Speaker
Prof. LIN Zheng
Professor LIN Zheng is Deputy Dean of the Institute for Advanced Studies in Humanities and Associate Professor of Department of Chinese Language and Literature at Sun Yat-sen University. She is a scholar of modern Chinese literature, with expertise in representations of urban space in literary and cultural production. Prof. LIN is the author of Park Beijing: Cultural Production and Literary Imagination (1860-1937) (published by Peking University Press) and her current research examines the cultural politics of Guangzhou’s urban villages, analyzing how these transitional spaces reflect broader sociocultural transformations in contemporary China.
Event Details
This talk will compare the representation of the old Workers’ Villages in Northeast China and the Urban Villages in the Pearl River Delta. Both being “rural areas within cities,” they witnessed two phases of urbanization in the PRC, two competing visions of urban modernization, and the emergence of two kinds of workers: the working class and migrant workers. The decline of the “Rust Belt” and the rise of the “Sun Belt” are two sides of the same coin in the transition from Socialist China to Post-Socialist China since the reform and opening-up policy.

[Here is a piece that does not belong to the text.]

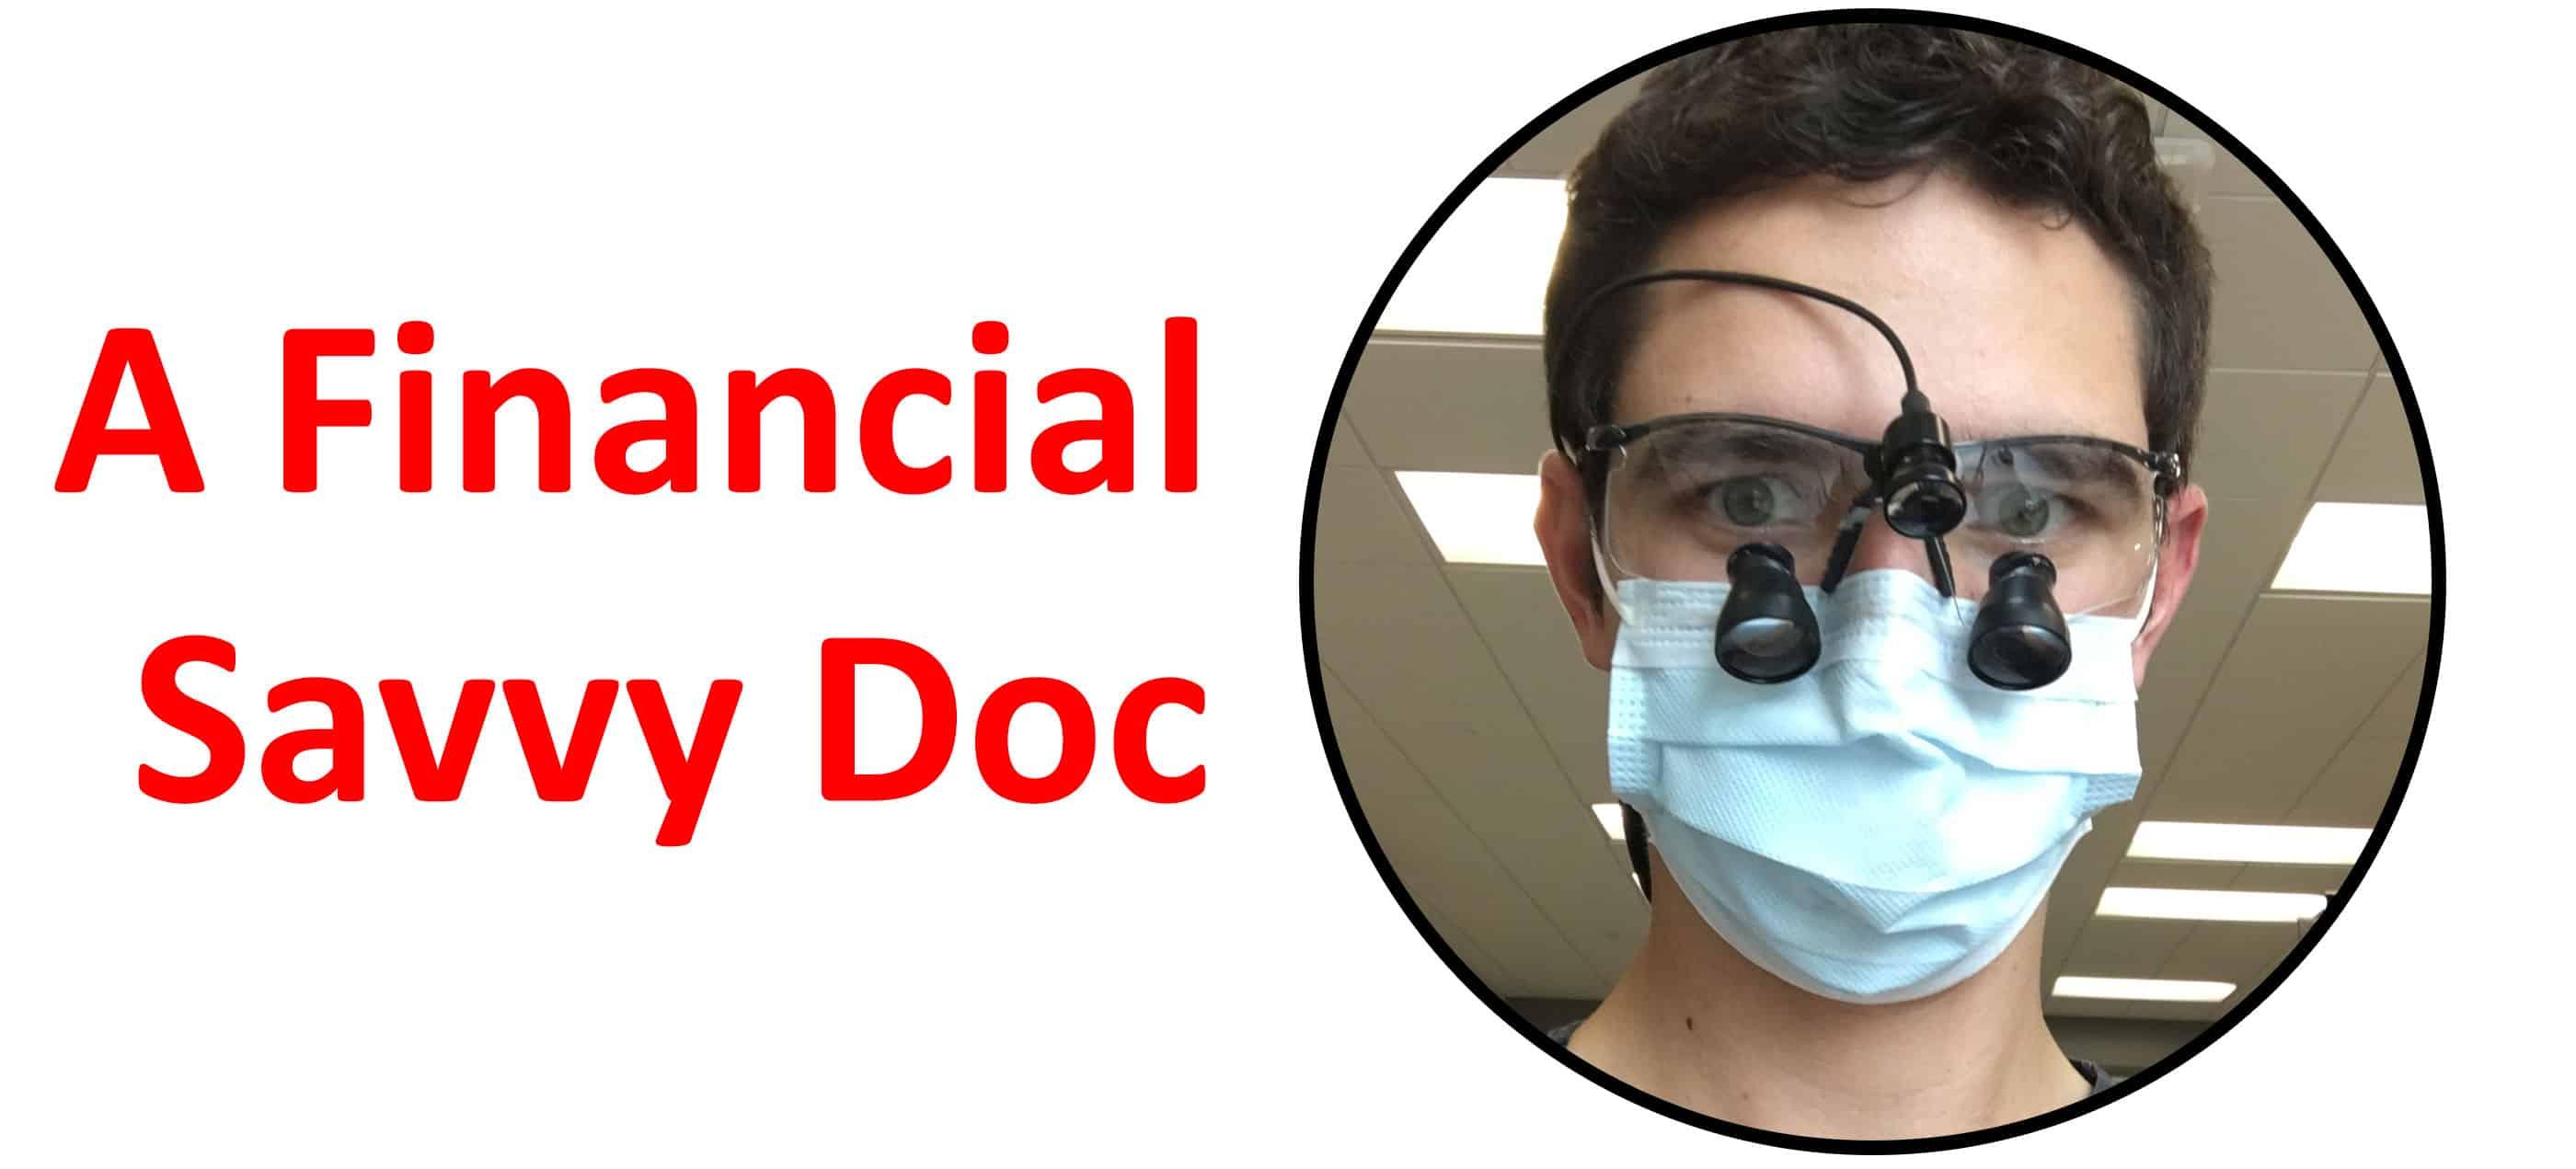 Matt from A Financial Savvy Doc

Although both spaces represent marginal urban experiences, they have fostered pioneering art and literature. In recent years, with the “Northeast Renaissance,” the post-80s generation has sought to redeem the dignity of the working class and the glory of the Northeast. By contrast, although Urban Villages are seen as the “dark side of the Sun Belt,” they are actually self-disciplined, anarchic urban organisms that have nurtured vibrant art centered on migrant workers. Through this lens, we can glimpse the top-down vision of Socialist urban modernity, as well as the bottom-up reflections and responses from individuals.